In Germany, expenses for playing the lottery go by the name ‘idiot’s tax.’ There is no mathematical case for playing the lottery, yet many people treat playing the lottery like an investment.
Steven D Levitt and Stephen J Dubner describe in their book ‘Think Like a Freak‘ that nearly 40 percent of low-income adults in the US think of the lottery as their best chance ever to acquire a large sum of money. As a result, low earners spend a much larger share of their salary on the lottery than high-income earners.
It is hard to overlook the tragedy: People who feel they do not have enough money spend their scarce pennies on a lousy investment they cannot control. It is not only tragic because the probabilities do not add up, but also because lotteries are highly regulated state enterprises: On average, only 60 percent of the paid funds go into prize money. The rest is operations and tax for the government.
Imagine yourself buying an investment fund that cuts off 40 percent of your money as a transaction fee even before the game begins. Ridiculous?
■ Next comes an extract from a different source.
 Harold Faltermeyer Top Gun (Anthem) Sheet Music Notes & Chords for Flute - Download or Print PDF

Why You Should Not Play the Lottery Runs Deeper than Poor Probabilities
Let’s assume for a moment you are making about 5000 USD per month. Life is okay. You can pay your bills, get a mortgage, even have a family, and enjoy holidays. But unless something significant happens, you will not get rich as in having multiple millions at your disposal. So you decide to ‘invest’ 300 USD per year into playing the lottery. Every weekend you enjoy the intoxicating excitement of perhaps striking that goldmine beaming you into another financial dimension.
Years later, you may calculate how your ‘investments’ might have done in the stock market or any alternative investment offering limited but straightforward returns. In comparison, you’d be looking at a sizable amount of cash, not too much harm done, really. Or so one may reason.
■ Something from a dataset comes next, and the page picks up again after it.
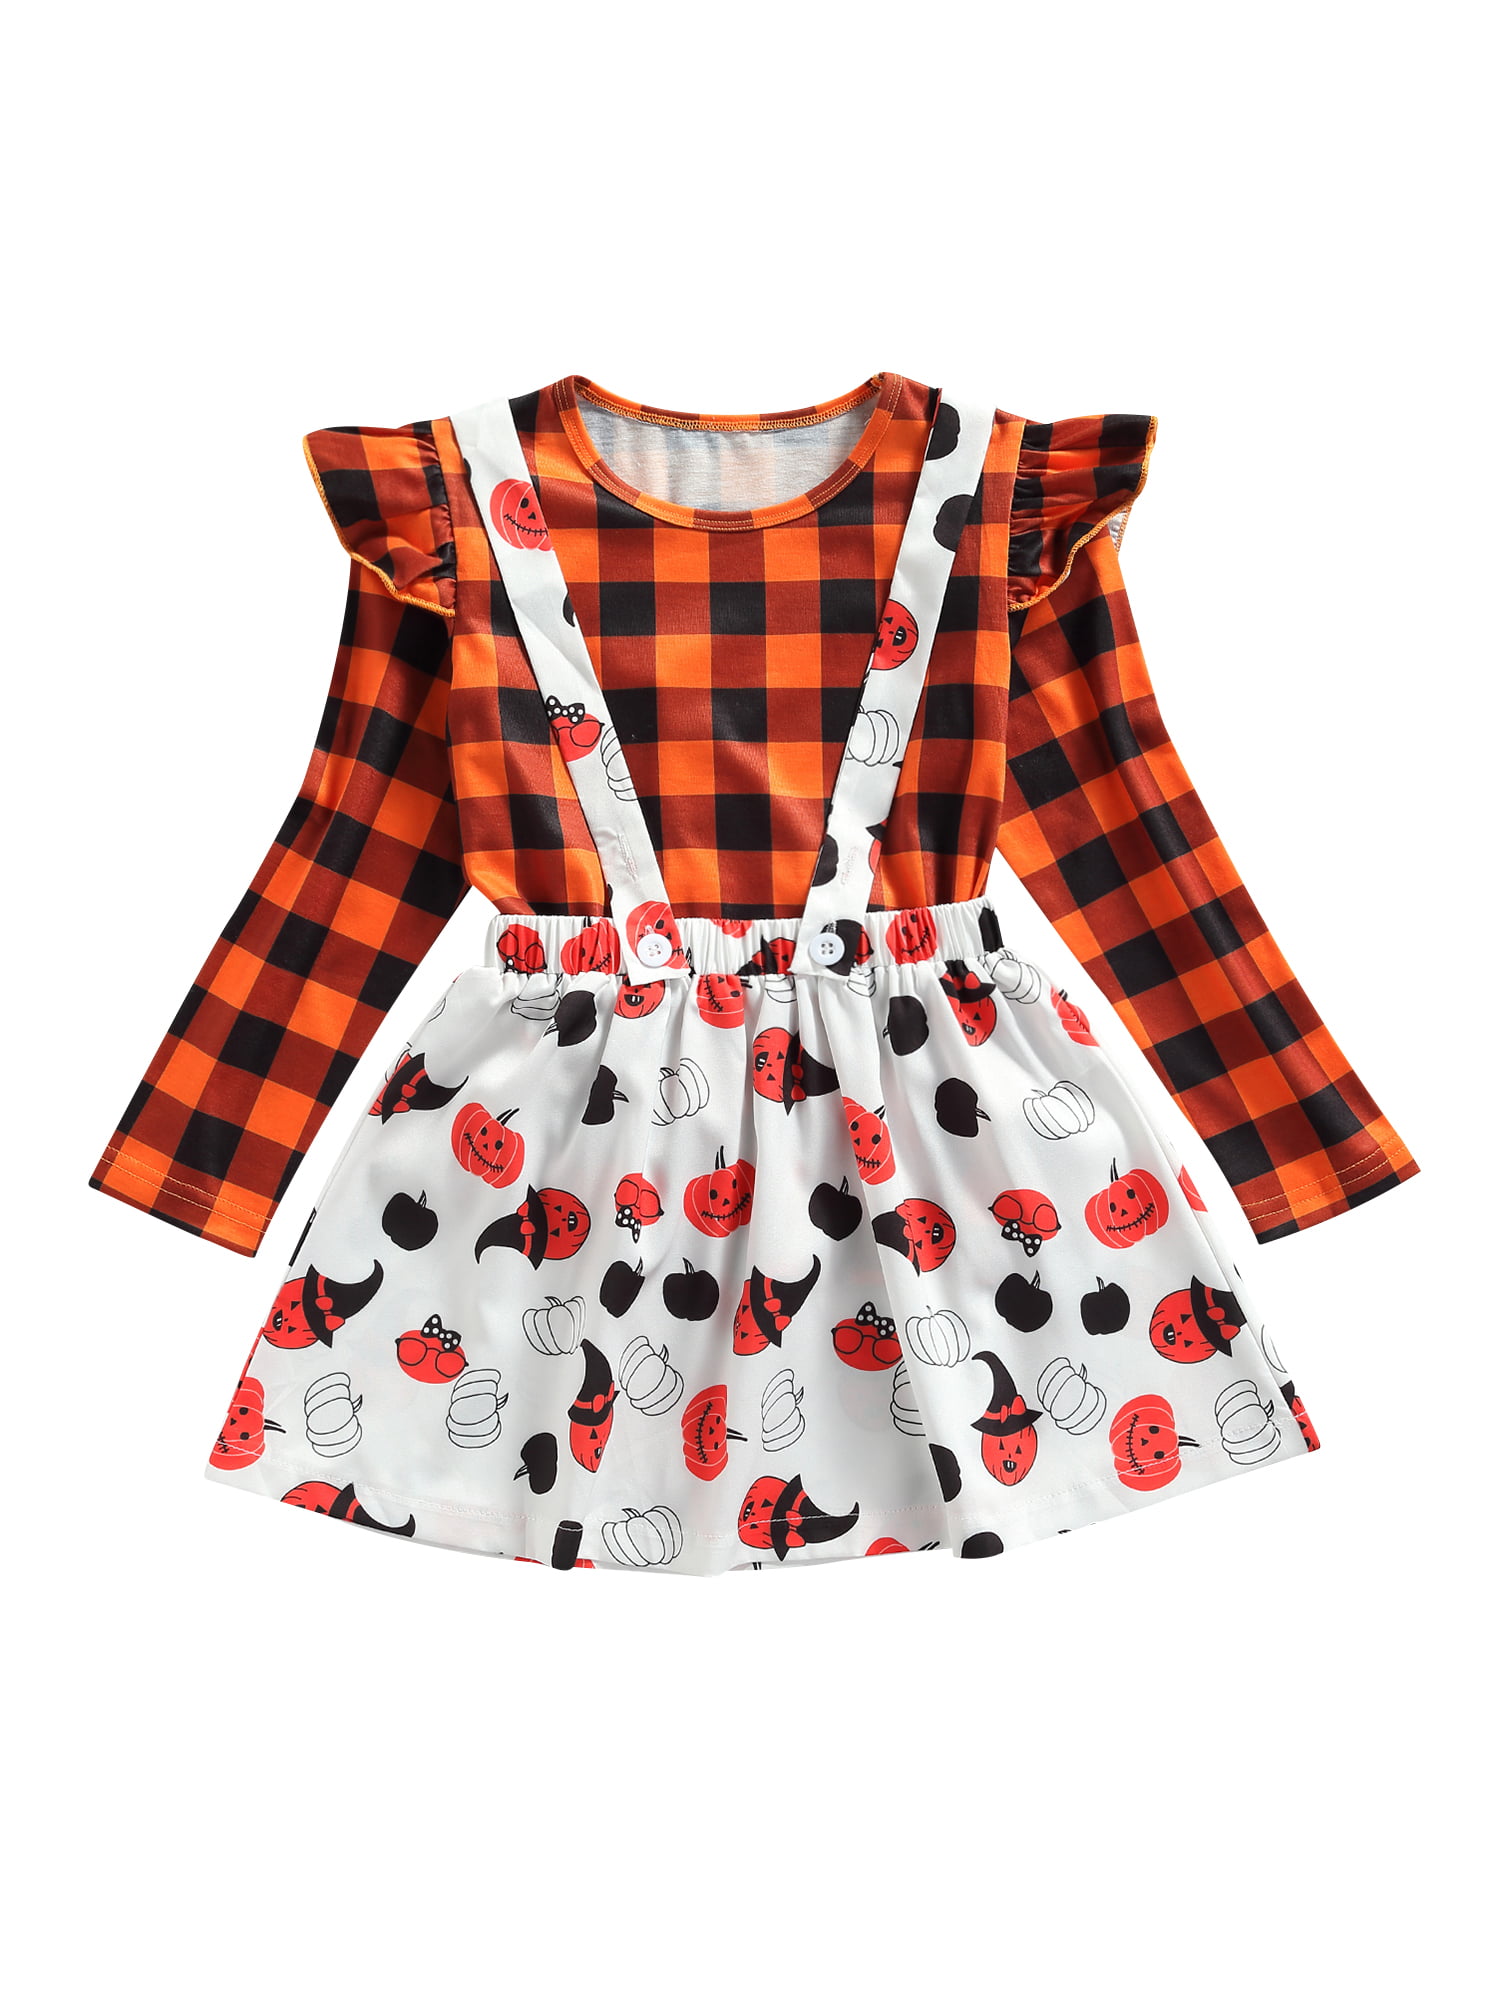 Xshuai Baby Clothes Set Toddler Baby Kids Girls Halloween Plaid Tops Pumpkin Skirts Set Outfits

The real harm happens on the attitudinal and habitual level of how you live. If you take charge of your life and choose prosperity, you will have to pay the price of practice, failure, and persistence to achieve your goal.
Life does not offer continuous free rides. The only real, balanced, and fulfilling path to a prosperous and happy life is achieving mastery in what you set out to do.
Playing the lottery is diverting your energy and hoping there was a loophole in life. You will almost certainly end up disappointed.
In the Very Unlikely Case of Winning the Lottery, an Irony of Life Awaits
Lottery winners often do not acquire lasting happiness. The mind adapts to our base level of felt satisfaction within weeks, and the initial joy fades quickly as inherited life challenges persist. Let alone many lottery winners can’t handle the sudden abundance of money and are likely to squander their funds.
Wealth and happiness stay with you when you have achieved them systematically, not when chance hits you.
While life is a game, it does not mean that you should play with the odds against you. Playing by the rules is achieving prosperity through effort that transforms you into a new person. And then you realize that money is never an end, but always a means. And what you genuinely enjoy is not the money, but that you are the person capable of achieving wealth and what it enables you to do. You are in control.
What makes you feel in control is an achievement. And knowing that you can achieve again, even if you temporarily fail or fate turns against you. The adventure is growing beyond yourself while you explore life.
T Harv Eker summarizes this poignantly in his ‘Secrets of the Millionaire Mind: Mastering the Inner Game of Wealth’ – ‘Poor people play the lottery, rich people make their own fate.
So, that’s why you should not play the lottery if you choose to live switched on and make your own fate.
And if you play the lottery despite all? Ah well, then you know you can cut it out when you are ready to fully focus on making your fate on your terms.